#### BRIEF
Word for word, transcribe the lines below and drop the pictures.

─── DATA EXTRACT

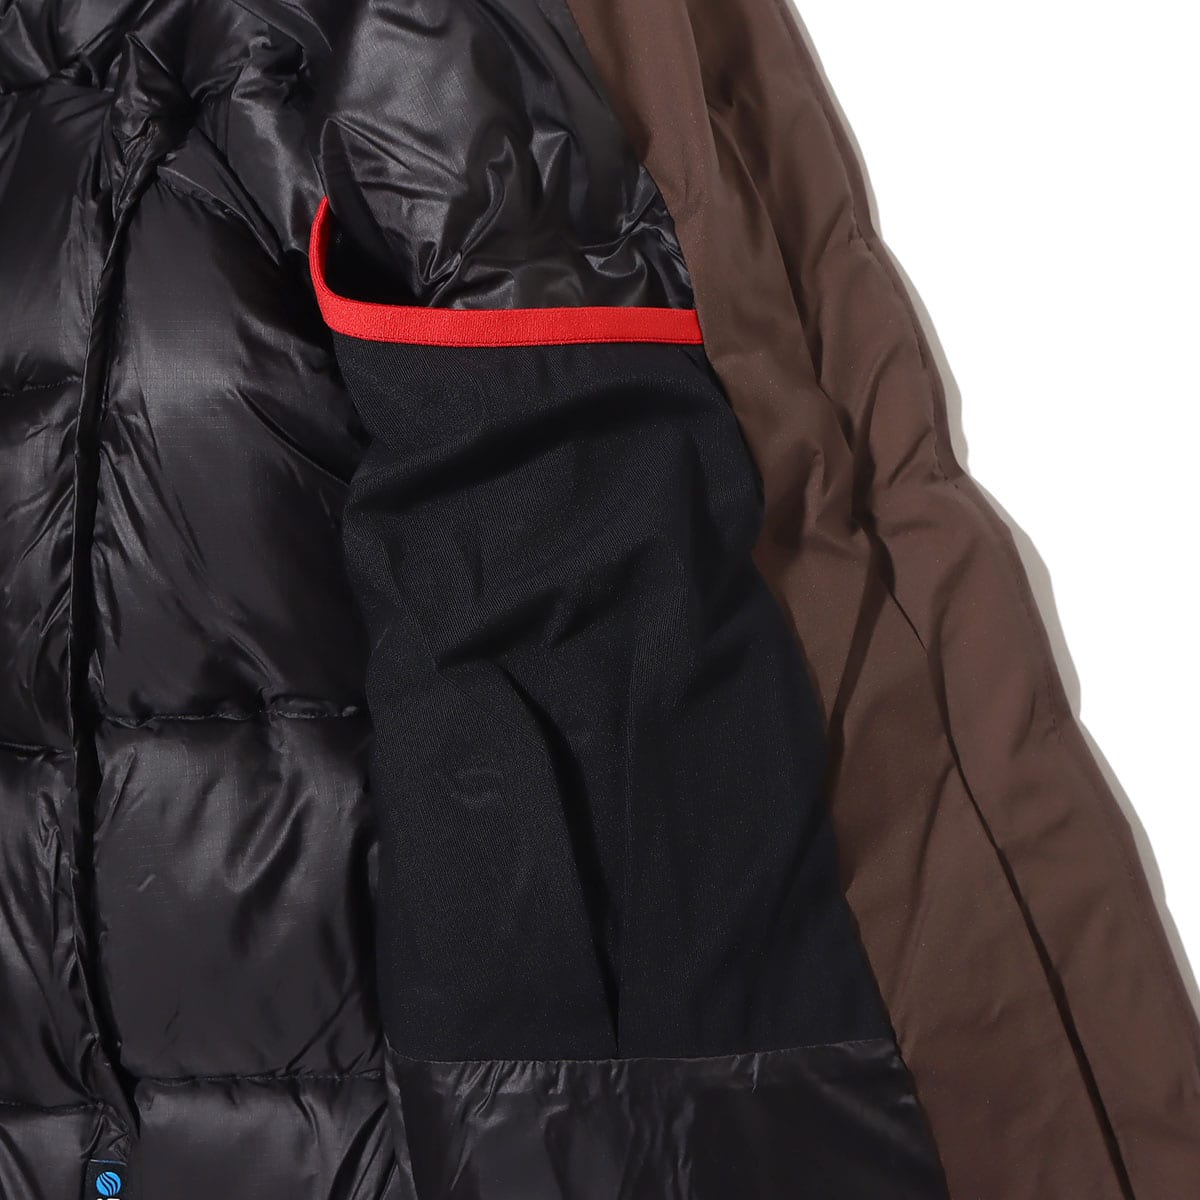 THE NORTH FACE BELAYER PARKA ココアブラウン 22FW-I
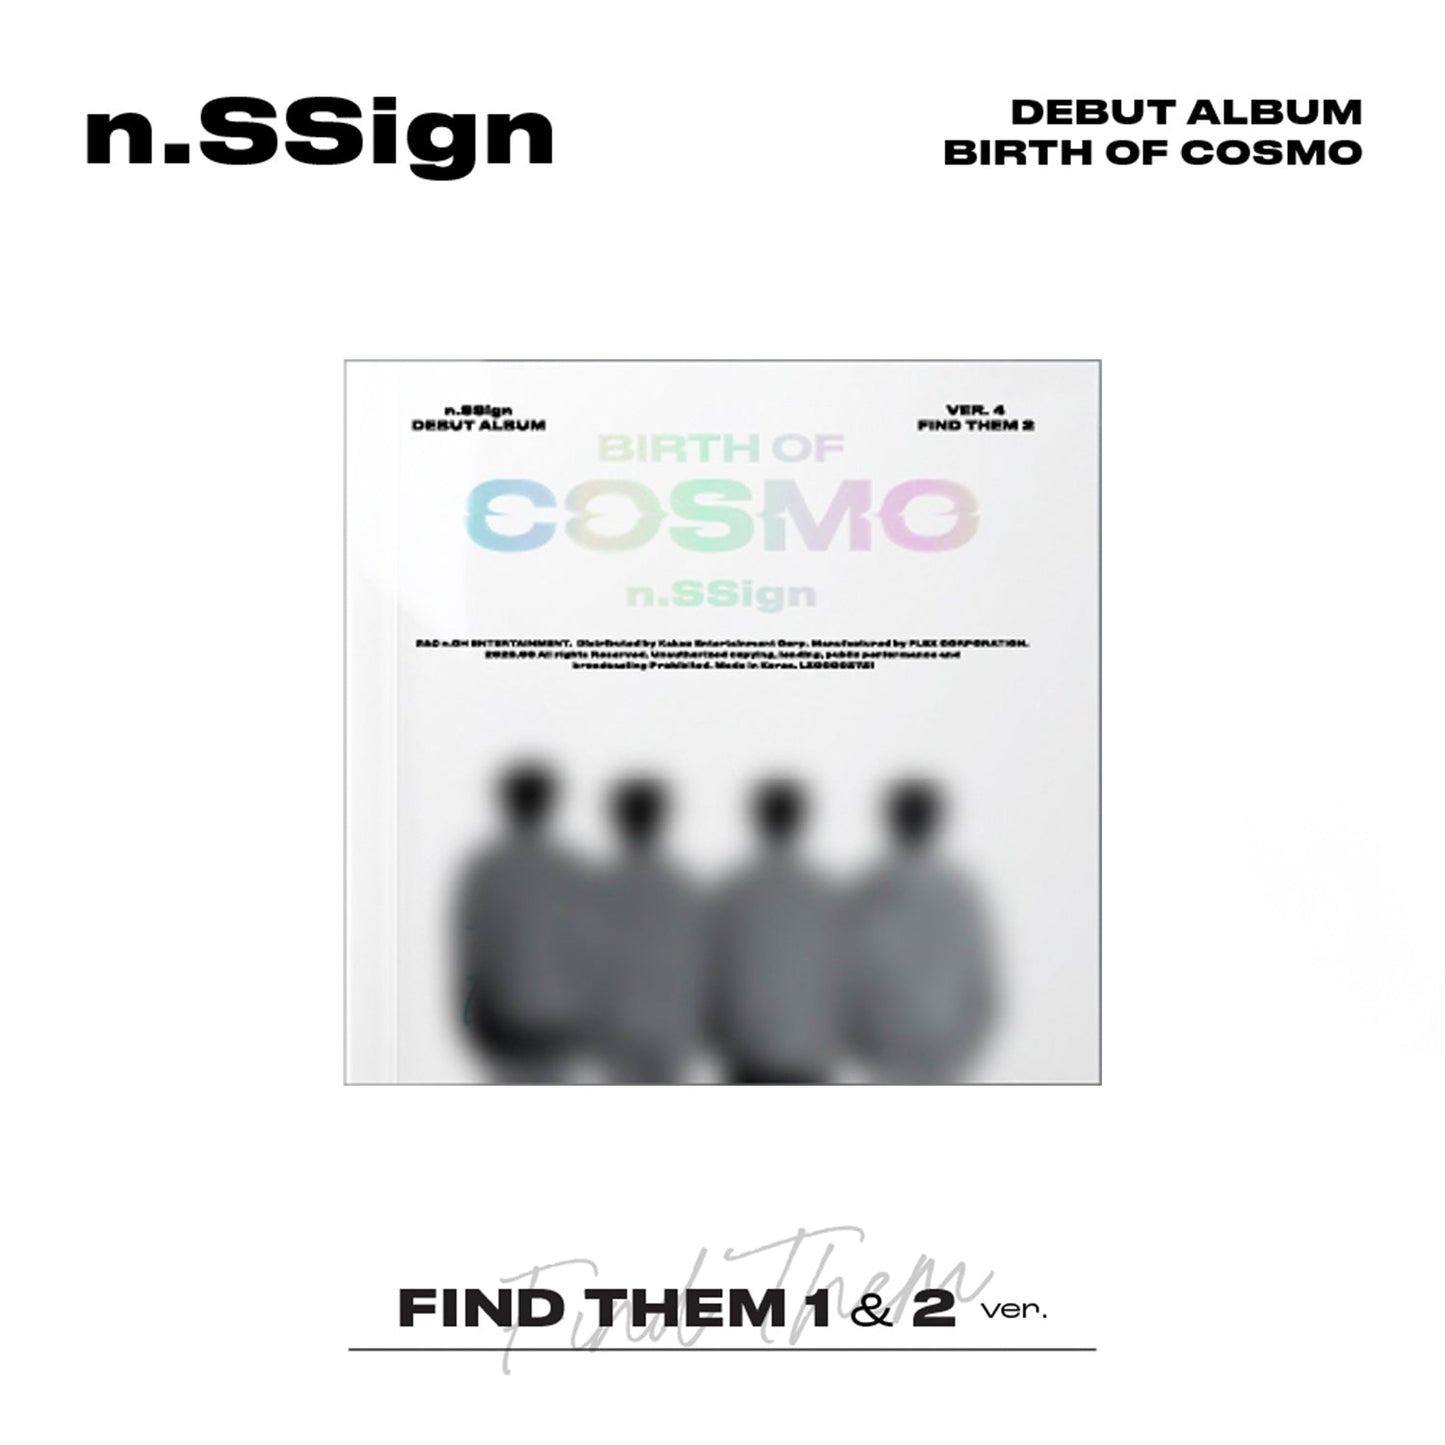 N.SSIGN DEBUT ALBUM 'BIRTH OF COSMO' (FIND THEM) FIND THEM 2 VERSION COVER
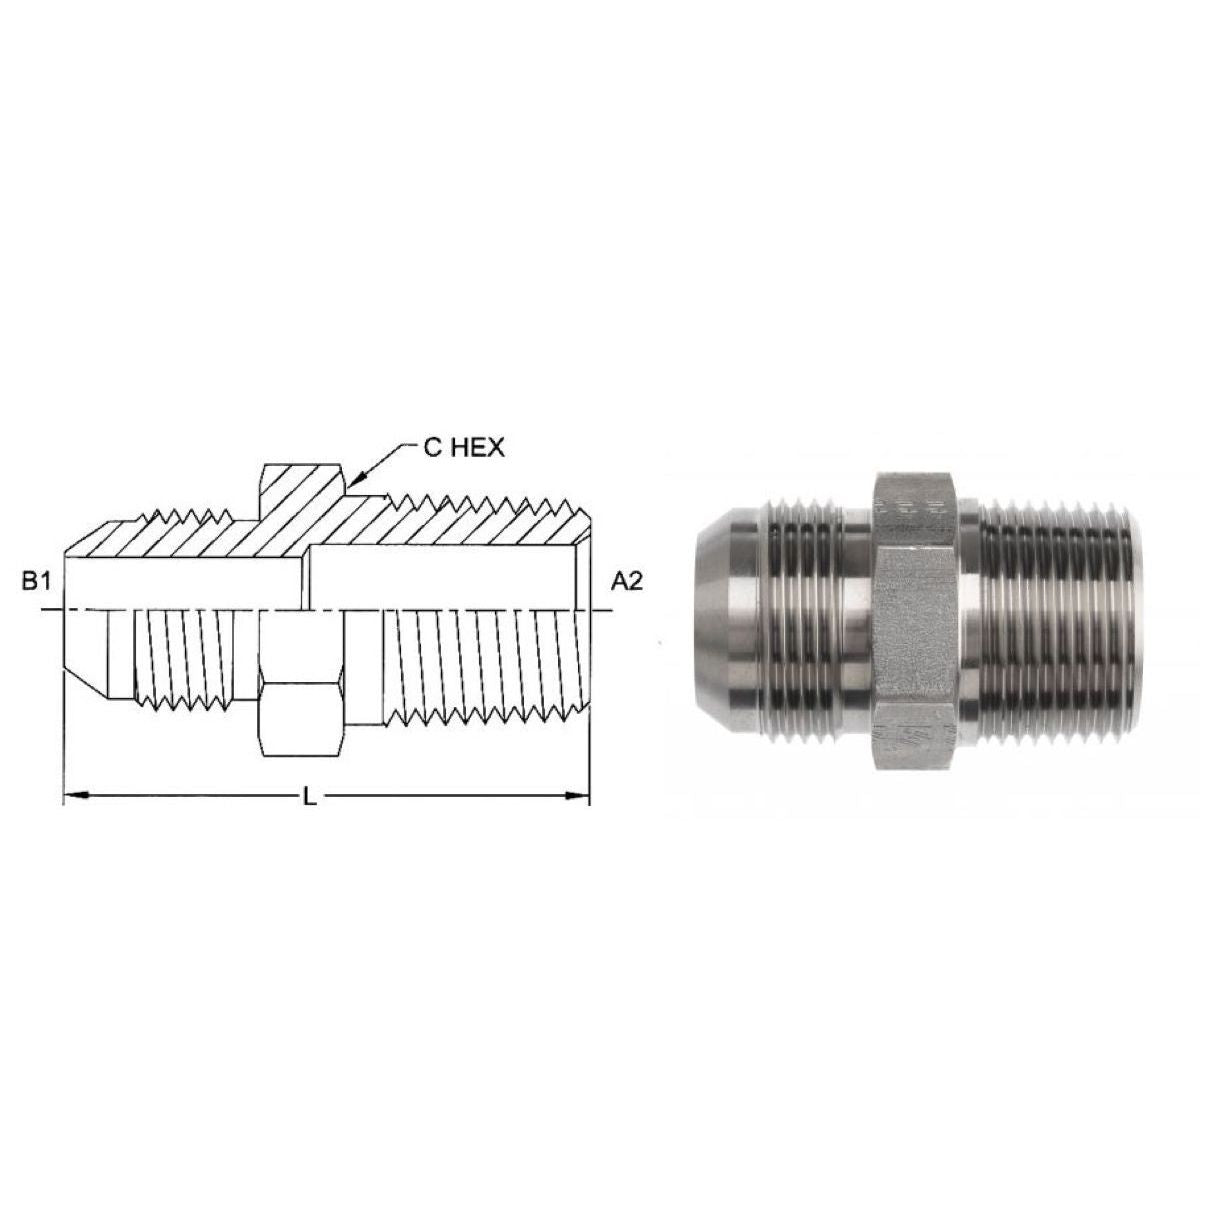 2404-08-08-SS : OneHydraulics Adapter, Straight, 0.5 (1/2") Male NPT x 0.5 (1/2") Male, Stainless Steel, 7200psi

──────

#### EXERCISE RESPONSE
 THE NORTH FACE BELAYER PARKA ココアブラウン 22FW-I
 N.SSIGN DEBUT ALBUM 'BIRTH OF COSMO' (FIND THEM) FIND THEM 2 VERSION COVER
 2404-08-08-SS : OneHydraulics Adapter, Straight, 0.5 (1/2") Male NPT x 0.5 (1/2") Male, Stainless Steel, 7200psi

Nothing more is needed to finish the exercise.